Here is example of counting quotes.  Let's make your example file with one line that has a couple of embedded line breaks.

filename test temp;
data _null_;
  file test;
  put
  'id,EntryDate,FirstName,LastName,Status1,Status2,Location,OtherAddress'
 /'"8","5/31/2013","First Name 1","Last Name 1","Below Status1 Level","","ABC D clinic",""'
 /'"9","6/22/2014","First Name 2","Last Name 2","Below Status1'
 /'Level","","AB CD'
 /'Residency Clinic",""'
 /'"33","9/3/2015","First Name 3","Last Name 3","Below Status1 Level","","","","100 Random St City, State",""'
  ;
run;

Now let's run a step to copy it to a new file and replace those embedded line breaks with pipe characters (so we can see them).

filename fixed temp;
data _null_;
  infile test ;
  file fixed ;
  input;
  put _infile_ @;
  q+countc(_infile_,'"');
  if mod(q,2) then put '|' @;
  else put;
run;

Result:

61   data _null_;
62     infile fixed;
63     input;
64     list;
65   run;

NOTE: The infile FIXED is:
      Filename=.../#LN00087,
      Owner Name=...,Group Name=...,
      Access Permission=-rw-rw-r--,
      Last Modified=18Oct2018:16:26:40,
      File Size (bytes)=363

RULE:     ----+----1----+----2----+----3----+----4----+----5----+----6----+----7----+----8----+----9
1         id,EntryDate,FirstName,LastName,Status1,Status2,Location,OtherAddress 69
2         "8","5/31/2013","First Name 1","Last Name 1","Below Status1 Level","","ABC D clinic","" 87
3         "9","6/22/2014","First Name 2","Last Name 2","Below Status1|Level","","AB CD|Residency Cli
      91  nic","" 97
4         "33","9/3/2015","First Name 3","Last Name 3","Below Status1 Level","","","","100 Random St
      91   City, State","" 106
NOTE: 4 records were read from the infile FIXED.
      The minimum record length was 69.
      The maximum record length was 106.

View solution in original post

18 REPLIES 18
Reeza
Super User
There's an answer on here that uses infile to replace all line feeds ('0A'x) I belive with a space.
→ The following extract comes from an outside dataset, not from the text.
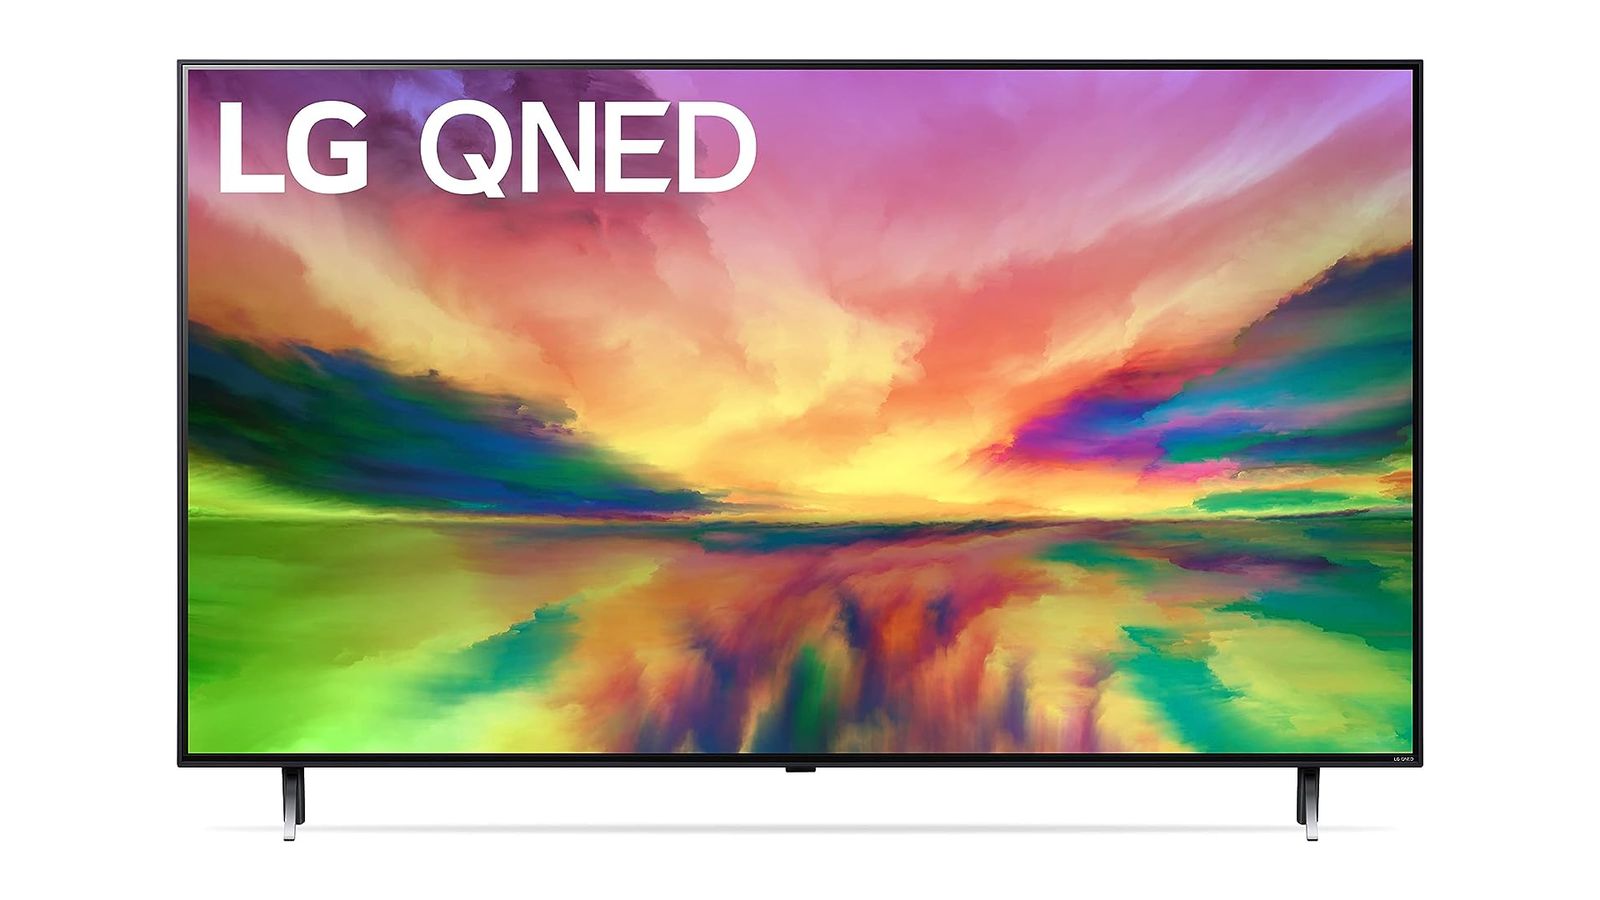 LG QNED80 product image of a near-frameless black TV featuring a painted sunset scene over a lake on the display.

Figure out what your symbol is that's causing the issue, you'll need the hex code and then you can replace it in the line and then read it properly.
Tom
Super User Tom
Super User

Try the method in the answer to this previous post, but update it to use comma instead of pipe.

 

https://communities.sas.com/t5/General-SAS-Programming/Carriage-Return-Multiple-Line-Break-Issue-Imp...

 

But watch out if any of the values actually contain commas as that would confuse the counting of delimiters.

 

The other way to deal with line breaks inside of quoted strings is to keep track of whether you have seen an even or odd number of quote characters.  When it is odd then remove (or replace with space or something else) any line breaks.  I am sure there is a question with than answer on this forum, but I couldn't find it just now.

appleorange
Obsidian | Level 7
I think this might be the thread...

https://communities.sas.com/t5/General-SAS-Programming/Removing-embedded-carriage-returns/td-p/37873...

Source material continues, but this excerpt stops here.